▸ **Data for review**
────────────────────────────────────────

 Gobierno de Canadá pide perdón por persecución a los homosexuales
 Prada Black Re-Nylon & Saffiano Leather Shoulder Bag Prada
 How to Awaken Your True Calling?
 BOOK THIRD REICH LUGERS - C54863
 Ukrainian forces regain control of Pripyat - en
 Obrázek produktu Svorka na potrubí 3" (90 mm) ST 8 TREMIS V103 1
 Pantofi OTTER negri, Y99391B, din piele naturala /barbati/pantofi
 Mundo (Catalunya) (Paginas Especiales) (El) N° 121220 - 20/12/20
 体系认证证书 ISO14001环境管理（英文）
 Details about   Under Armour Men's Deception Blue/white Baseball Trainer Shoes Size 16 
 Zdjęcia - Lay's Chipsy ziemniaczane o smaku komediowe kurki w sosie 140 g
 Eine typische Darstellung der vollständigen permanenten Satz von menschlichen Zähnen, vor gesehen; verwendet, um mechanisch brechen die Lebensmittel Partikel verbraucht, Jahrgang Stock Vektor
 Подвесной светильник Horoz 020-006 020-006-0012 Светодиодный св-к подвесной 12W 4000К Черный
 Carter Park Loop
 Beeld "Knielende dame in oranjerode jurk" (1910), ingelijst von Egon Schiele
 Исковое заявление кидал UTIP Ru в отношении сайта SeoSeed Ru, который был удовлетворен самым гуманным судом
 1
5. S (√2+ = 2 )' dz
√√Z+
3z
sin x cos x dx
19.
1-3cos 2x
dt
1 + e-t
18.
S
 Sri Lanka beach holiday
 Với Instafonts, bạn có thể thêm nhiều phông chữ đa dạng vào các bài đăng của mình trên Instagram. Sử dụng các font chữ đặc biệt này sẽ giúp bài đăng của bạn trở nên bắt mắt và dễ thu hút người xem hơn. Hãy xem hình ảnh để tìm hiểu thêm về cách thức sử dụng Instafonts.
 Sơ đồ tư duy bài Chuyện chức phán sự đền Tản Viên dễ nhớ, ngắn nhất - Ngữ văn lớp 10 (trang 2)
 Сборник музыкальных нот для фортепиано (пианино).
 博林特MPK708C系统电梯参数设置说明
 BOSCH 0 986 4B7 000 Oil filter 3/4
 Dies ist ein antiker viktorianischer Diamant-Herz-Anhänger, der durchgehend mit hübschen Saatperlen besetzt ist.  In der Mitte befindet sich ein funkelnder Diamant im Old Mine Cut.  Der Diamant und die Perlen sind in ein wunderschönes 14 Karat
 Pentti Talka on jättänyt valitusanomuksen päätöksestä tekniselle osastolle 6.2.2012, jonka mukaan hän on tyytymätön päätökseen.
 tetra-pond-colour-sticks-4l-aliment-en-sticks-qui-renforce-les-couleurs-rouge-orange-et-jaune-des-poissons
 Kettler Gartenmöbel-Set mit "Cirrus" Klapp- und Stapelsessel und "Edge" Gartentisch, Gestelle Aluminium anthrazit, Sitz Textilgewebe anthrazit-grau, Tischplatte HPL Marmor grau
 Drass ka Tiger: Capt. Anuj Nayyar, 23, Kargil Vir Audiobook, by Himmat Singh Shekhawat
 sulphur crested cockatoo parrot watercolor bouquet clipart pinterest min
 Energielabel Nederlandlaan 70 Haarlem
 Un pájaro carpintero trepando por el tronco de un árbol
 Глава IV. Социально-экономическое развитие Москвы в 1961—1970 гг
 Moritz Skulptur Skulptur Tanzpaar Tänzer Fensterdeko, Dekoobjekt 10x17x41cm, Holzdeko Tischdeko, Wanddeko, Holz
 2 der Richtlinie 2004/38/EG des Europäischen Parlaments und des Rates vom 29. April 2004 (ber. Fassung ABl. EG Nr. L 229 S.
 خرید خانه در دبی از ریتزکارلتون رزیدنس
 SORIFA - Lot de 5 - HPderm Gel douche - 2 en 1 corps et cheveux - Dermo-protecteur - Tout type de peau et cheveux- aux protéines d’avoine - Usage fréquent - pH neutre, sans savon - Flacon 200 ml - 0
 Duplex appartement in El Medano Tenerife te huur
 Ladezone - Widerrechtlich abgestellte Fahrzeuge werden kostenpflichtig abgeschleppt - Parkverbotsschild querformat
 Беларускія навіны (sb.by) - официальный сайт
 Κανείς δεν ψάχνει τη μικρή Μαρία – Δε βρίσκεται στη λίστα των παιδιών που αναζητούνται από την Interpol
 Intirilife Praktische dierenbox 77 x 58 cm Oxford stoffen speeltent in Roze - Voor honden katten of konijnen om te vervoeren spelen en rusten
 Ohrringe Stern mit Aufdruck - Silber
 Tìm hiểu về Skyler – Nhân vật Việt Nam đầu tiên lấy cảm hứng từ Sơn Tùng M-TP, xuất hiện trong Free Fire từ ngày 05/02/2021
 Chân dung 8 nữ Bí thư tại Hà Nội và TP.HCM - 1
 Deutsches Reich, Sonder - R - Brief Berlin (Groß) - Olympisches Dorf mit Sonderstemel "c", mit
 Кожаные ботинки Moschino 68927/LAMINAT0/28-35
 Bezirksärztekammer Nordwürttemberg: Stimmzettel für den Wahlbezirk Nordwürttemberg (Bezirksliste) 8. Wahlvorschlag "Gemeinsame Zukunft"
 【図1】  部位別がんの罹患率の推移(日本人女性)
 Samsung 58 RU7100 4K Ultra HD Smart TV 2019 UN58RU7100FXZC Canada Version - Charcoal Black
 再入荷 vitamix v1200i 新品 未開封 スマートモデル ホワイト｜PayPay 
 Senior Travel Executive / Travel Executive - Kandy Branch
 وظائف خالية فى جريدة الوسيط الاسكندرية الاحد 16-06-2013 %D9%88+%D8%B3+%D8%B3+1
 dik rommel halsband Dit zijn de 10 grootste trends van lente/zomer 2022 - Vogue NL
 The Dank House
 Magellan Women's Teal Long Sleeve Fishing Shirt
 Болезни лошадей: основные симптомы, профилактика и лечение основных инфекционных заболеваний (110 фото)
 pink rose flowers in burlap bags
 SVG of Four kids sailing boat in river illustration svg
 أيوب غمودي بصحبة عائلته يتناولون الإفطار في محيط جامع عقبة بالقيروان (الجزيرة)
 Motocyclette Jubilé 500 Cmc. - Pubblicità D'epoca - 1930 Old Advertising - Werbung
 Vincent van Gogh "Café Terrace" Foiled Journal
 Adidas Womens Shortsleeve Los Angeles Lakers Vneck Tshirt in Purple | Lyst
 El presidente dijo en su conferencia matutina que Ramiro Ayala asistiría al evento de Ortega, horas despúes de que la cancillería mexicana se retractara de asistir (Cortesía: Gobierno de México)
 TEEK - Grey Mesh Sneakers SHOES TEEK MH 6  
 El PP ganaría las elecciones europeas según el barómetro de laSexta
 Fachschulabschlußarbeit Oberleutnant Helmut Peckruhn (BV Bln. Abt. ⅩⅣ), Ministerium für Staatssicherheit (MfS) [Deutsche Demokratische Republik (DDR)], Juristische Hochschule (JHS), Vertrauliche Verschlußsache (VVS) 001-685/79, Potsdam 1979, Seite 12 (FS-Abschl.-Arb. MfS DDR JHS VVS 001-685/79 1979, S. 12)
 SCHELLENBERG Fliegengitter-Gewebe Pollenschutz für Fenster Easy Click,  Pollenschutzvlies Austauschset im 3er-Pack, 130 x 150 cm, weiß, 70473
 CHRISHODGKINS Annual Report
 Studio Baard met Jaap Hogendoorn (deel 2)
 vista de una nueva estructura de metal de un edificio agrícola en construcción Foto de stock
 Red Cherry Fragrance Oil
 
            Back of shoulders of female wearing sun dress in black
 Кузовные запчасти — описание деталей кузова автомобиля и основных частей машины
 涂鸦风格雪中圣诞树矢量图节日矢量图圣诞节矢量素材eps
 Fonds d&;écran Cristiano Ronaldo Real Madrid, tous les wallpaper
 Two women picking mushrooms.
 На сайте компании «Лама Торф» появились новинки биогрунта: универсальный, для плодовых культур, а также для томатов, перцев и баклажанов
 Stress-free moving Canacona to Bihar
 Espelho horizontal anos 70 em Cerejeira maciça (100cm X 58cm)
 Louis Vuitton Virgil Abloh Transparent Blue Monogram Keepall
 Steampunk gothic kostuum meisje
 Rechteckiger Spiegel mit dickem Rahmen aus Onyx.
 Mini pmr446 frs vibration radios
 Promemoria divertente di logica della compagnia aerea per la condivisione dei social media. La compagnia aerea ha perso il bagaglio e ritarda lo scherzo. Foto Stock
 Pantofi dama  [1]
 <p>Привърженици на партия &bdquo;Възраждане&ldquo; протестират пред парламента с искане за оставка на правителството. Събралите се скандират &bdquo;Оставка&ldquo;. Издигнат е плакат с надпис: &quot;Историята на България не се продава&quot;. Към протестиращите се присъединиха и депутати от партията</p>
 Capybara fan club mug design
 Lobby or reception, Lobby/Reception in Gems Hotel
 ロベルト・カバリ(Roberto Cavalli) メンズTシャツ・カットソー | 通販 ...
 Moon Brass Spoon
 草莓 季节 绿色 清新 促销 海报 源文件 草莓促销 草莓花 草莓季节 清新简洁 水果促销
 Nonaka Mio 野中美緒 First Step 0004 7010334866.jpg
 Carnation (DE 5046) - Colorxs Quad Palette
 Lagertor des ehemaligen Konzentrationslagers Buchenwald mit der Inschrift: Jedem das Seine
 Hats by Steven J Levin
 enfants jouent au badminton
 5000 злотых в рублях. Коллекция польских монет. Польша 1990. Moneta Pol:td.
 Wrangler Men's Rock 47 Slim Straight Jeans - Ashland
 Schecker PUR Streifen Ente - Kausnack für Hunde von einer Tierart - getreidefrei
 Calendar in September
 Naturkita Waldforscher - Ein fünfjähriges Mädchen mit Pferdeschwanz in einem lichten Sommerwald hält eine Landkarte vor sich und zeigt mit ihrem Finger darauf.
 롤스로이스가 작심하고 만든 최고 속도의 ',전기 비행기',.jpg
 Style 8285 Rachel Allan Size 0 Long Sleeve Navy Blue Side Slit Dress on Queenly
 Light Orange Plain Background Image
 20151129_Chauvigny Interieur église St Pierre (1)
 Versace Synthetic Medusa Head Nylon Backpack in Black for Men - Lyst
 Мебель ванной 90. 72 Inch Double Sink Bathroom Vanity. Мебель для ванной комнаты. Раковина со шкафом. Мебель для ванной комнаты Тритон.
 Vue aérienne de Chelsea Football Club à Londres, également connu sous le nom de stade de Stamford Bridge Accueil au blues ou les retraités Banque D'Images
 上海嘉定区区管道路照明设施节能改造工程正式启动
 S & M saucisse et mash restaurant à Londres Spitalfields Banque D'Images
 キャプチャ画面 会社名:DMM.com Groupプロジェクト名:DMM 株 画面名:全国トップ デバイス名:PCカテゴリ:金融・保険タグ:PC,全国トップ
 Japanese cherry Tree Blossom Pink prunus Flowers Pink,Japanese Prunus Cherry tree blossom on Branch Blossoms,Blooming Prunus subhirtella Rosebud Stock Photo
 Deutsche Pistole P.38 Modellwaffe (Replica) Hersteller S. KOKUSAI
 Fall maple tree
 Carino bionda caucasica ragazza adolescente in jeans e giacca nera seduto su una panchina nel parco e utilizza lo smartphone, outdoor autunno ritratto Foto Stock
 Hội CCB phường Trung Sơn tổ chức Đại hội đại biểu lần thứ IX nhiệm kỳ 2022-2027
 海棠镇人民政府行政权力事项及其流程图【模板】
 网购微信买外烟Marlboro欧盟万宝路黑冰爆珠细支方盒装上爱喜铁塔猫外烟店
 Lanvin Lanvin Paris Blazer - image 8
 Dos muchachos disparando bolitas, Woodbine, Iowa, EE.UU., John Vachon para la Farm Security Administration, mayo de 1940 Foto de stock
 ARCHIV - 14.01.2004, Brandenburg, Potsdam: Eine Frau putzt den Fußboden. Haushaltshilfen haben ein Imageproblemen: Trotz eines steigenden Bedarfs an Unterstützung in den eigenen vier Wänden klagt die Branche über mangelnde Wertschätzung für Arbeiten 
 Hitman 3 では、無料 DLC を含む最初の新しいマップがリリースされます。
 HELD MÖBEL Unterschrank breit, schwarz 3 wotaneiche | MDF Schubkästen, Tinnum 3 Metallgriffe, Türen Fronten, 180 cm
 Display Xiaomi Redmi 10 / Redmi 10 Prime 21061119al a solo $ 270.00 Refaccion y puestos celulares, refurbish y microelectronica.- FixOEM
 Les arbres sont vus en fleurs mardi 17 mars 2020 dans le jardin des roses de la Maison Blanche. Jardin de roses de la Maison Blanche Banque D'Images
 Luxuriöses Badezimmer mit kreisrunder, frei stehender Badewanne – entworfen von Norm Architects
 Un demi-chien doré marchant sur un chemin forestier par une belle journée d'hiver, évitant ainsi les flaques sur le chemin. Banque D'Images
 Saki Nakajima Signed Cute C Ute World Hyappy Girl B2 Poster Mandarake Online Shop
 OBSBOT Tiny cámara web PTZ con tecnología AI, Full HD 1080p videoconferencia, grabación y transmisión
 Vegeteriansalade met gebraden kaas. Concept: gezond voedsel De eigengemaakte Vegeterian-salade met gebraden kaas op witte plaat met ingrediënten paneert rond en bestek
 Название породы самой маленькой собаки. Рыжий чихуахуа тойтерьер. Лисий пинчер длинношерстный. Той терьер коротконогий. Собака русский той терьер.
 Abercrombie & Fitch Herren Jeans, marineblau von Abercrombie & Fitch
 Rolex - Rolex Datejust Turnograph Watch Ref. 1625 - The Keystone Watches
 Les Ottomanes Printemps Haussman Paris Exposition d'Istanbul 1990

────────────────────────────────────────

▸ **Work to be completed**
Up to and including the line with "Сборник музыкальных нот", repeat the entries exactly, beginning at their first line.

▸ **Exercise solution**
 Gobierno de Canadá pide perdón por persecución a los homosexuales
 Prada Black Re-Nylon & Saffiano Leather Shoulder Bag Prada
 How to Awaken Your True Calling?
 BOOK THIRD REICH LUGERS - C54863
 Ukrainian forces regain control of Pripyat - en
 Obrázek produktu Svorka na potrubí 3" (90 mm) ST 8 TREMIS V103 1
 Pantofi OTTER negri, Y99391B, din piele naturala /barbati/pantofi
 Mundo (Catalunya) (Paginas Especiales) (El) N° 121220 - 20/12/20
 体系认证证书 ISO14001环境管理（英文）
 Details about   Under Armour Men's Deception Blue/white Baseball Trainer Shoes Size 16 
 Zdjęcia - Lay's Chipsy ziemniaczane o smaku komediowe kurki w sosie 140 g
 Eine typische Darstellung der vollständigen permanenten Satz von menschlichen Zähnen, vor gesehen; verwendet, um mechanisch brechen die Lebensmittel Partikel verbraucht, Jahrgang Stock Vektor
 Подвесной светильник Horoz 020-006 020-006-0012 Светодиодный св-к подвесной 12W 4000К Черный
 Carter Park Loop
 Beeld "Knielende dame in oranjerode jurk" (1910), ingelijst von Egon Schiele
 Исковое заявление кидал UTIP Ru в отношении сайта SeoSeed Ru, который был удовлетворен самым гуманным судом
 1
5. S (√2+ = 2 )' dz
√√Z+
3z
sin x cos x dx
19.
1-3cos 2x
dt
1 + e-t
18.
S
 Sri Lanka beach holiday
 Với Instafonts, bạn có thể thêm nhiều phông chữ đa dạng vào các bài đăng của mình trên Instagram. Sử dụng các font chữ đặc biệt này sẽ giúp bài đăng của bạn trở nên bắt mắt và dễ thu hút người xem hơn. Hãy xem hình ảnh để tìm hiểu thêm về cách thức sử dụng Instafonts.
 Sơ đồ tư duy bài Chuyện chức phán sự đền Tản Viên dễ nhớ, ngắn nhất - Ngữ văn lớp 10 (trang 2)
 Сборник музыкальных нот для фортепиано (пианино).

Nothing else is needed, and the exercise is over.